## Your objective
Once the pictures are set aside, repeat all of the data below exactly.

## Data section
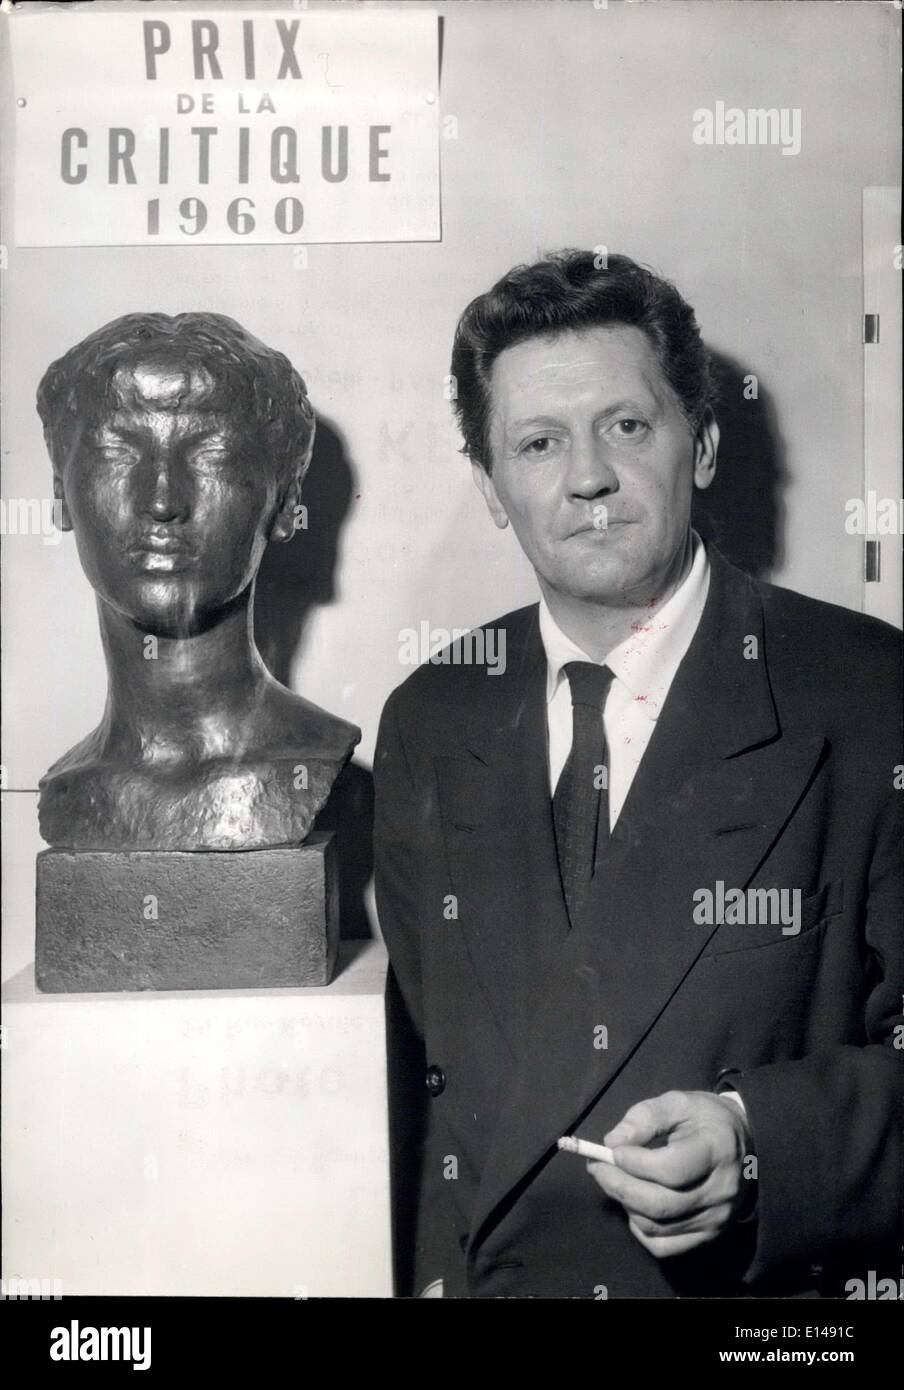 Apr. 17, 2012 - A Parisian Sculptor gets the 1960 critic price: The critic price which is generally awarded to a painter (The price was created 10 years ago and the first Laureate was famous painter Bernard Buffet) has been awarded to-day. Photo shows The Laureate of the 1960 price: 40 year old Parisian sculptor Jean Carton with one of his works. Stock Photo
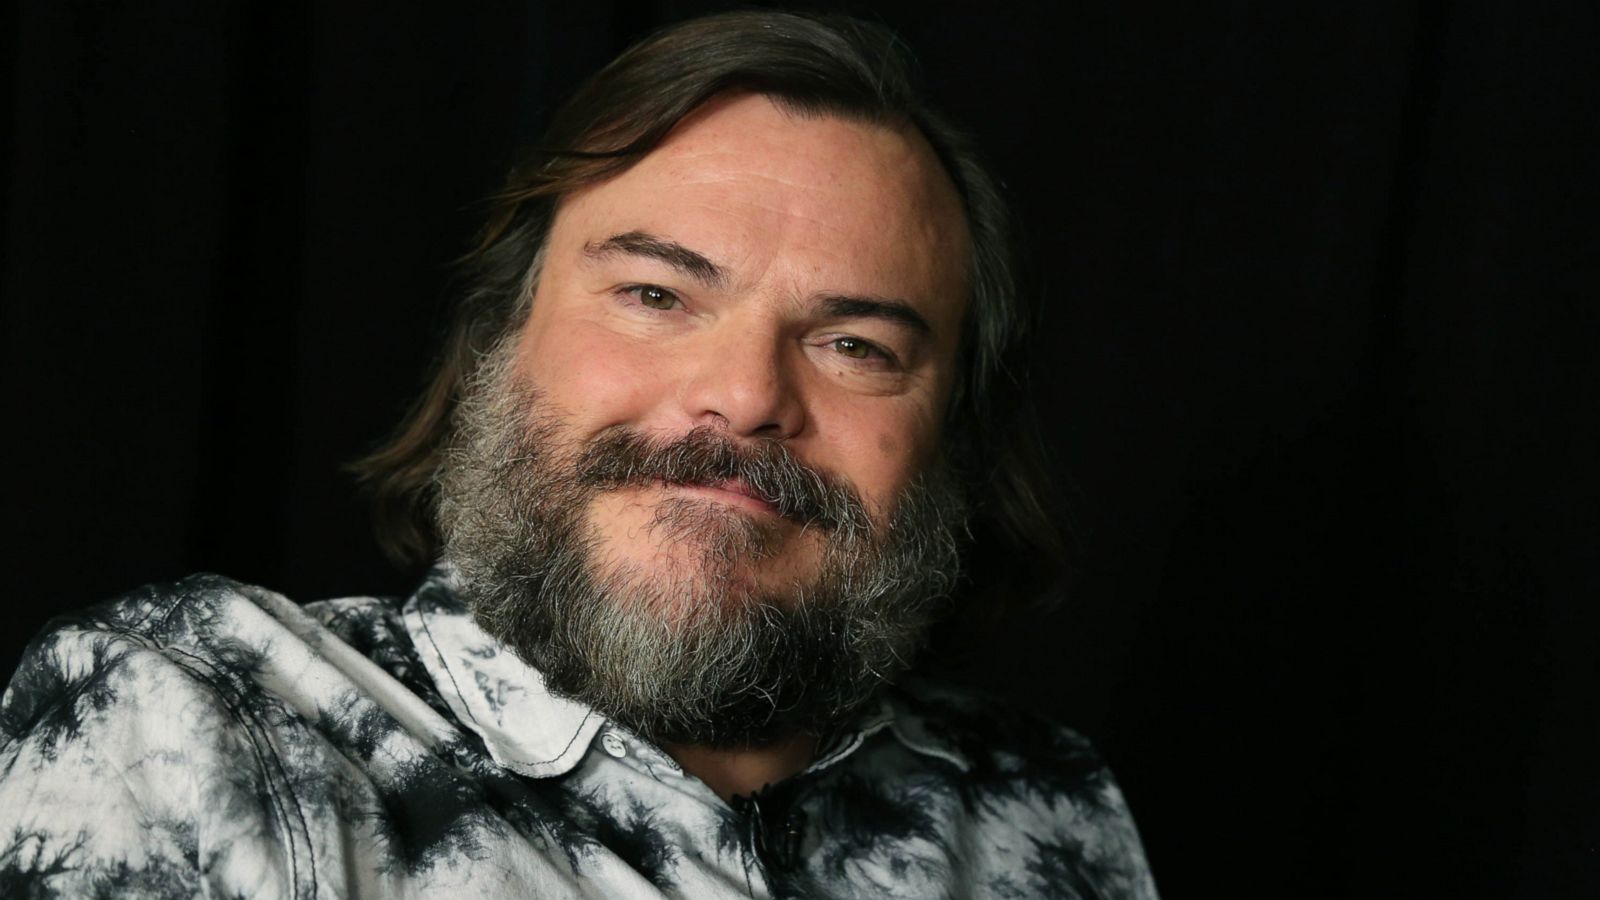 Jumanji: The Next Level star Jack Black says he 'could use a
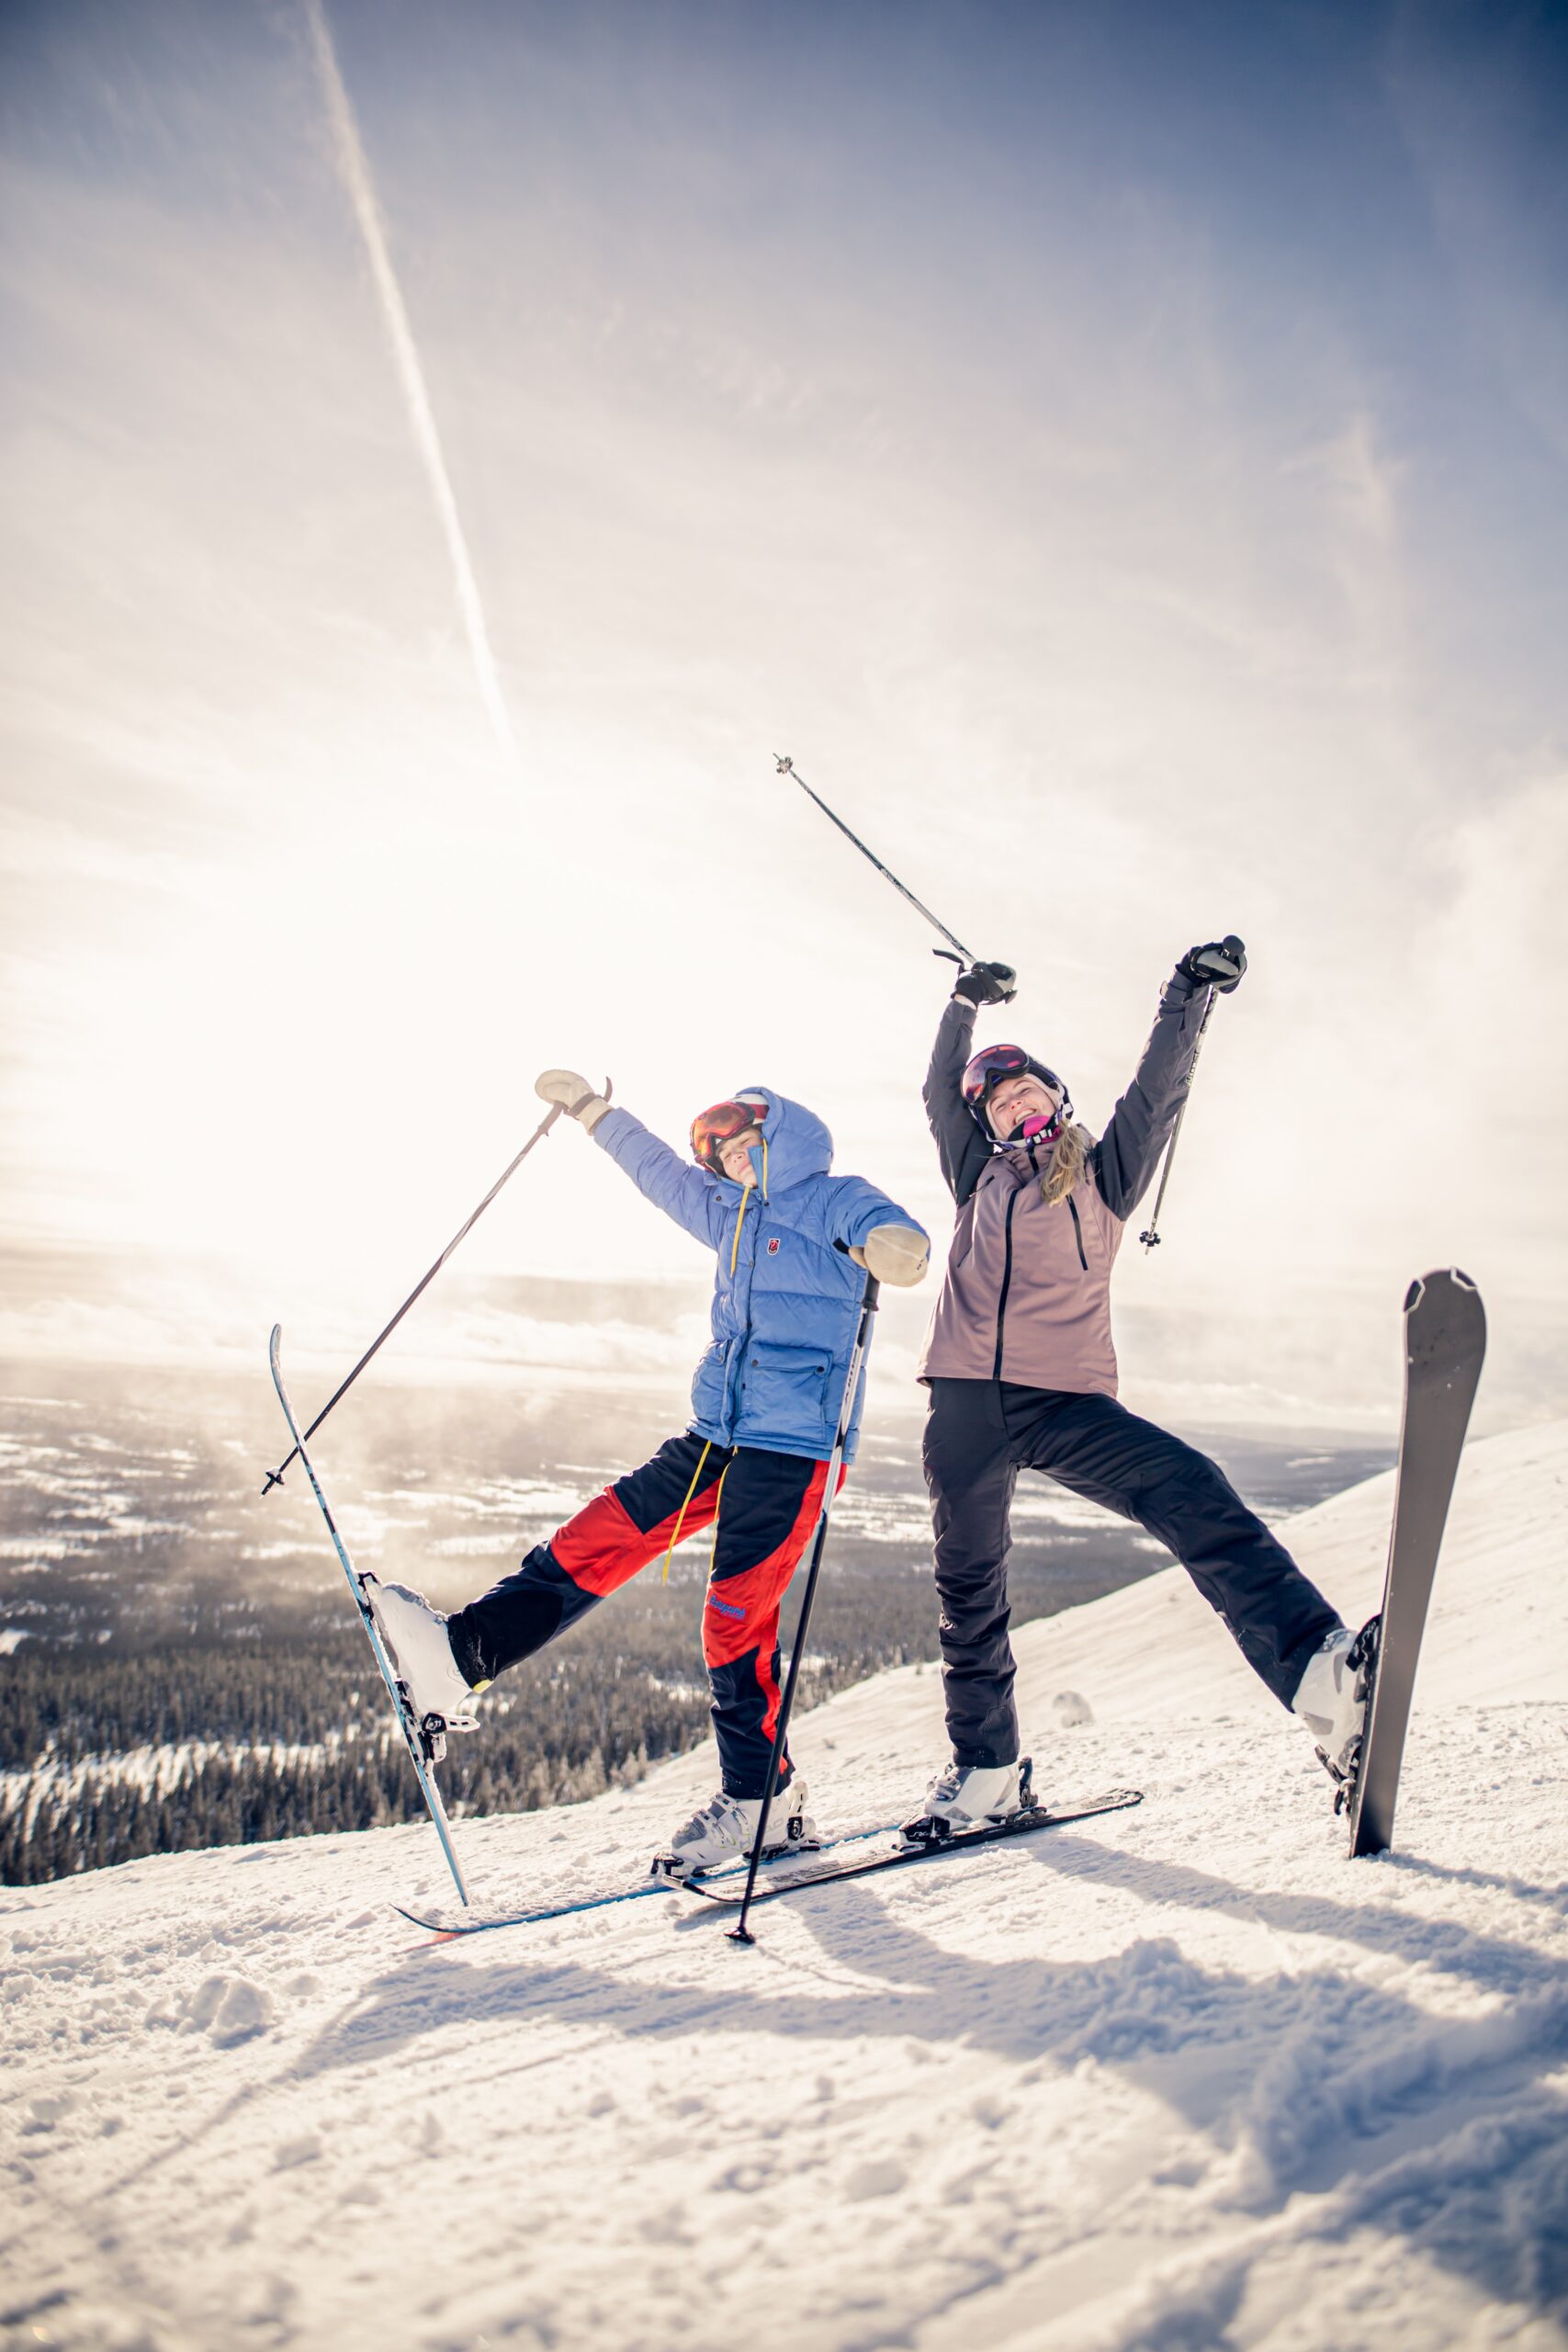 Why is it best to book your ski trip early?

## Task result
 Apr. 17, 2012 - A Parisian Sculptor gets the 1960 critic price: The critic price which is generally awarded to a painter (The price was created 10 years ago and the first Laureate was famous painter Bernard Buffet) has been awarded to-day. Photo shows The Laureate of the 1960 price: 40 year old Parisian sculptor Jean Carton with one of his works. Stock Photo
 Jumanji: The Next Level star Jack Black says he 'could use a
 Why is it best to book your ski trip early?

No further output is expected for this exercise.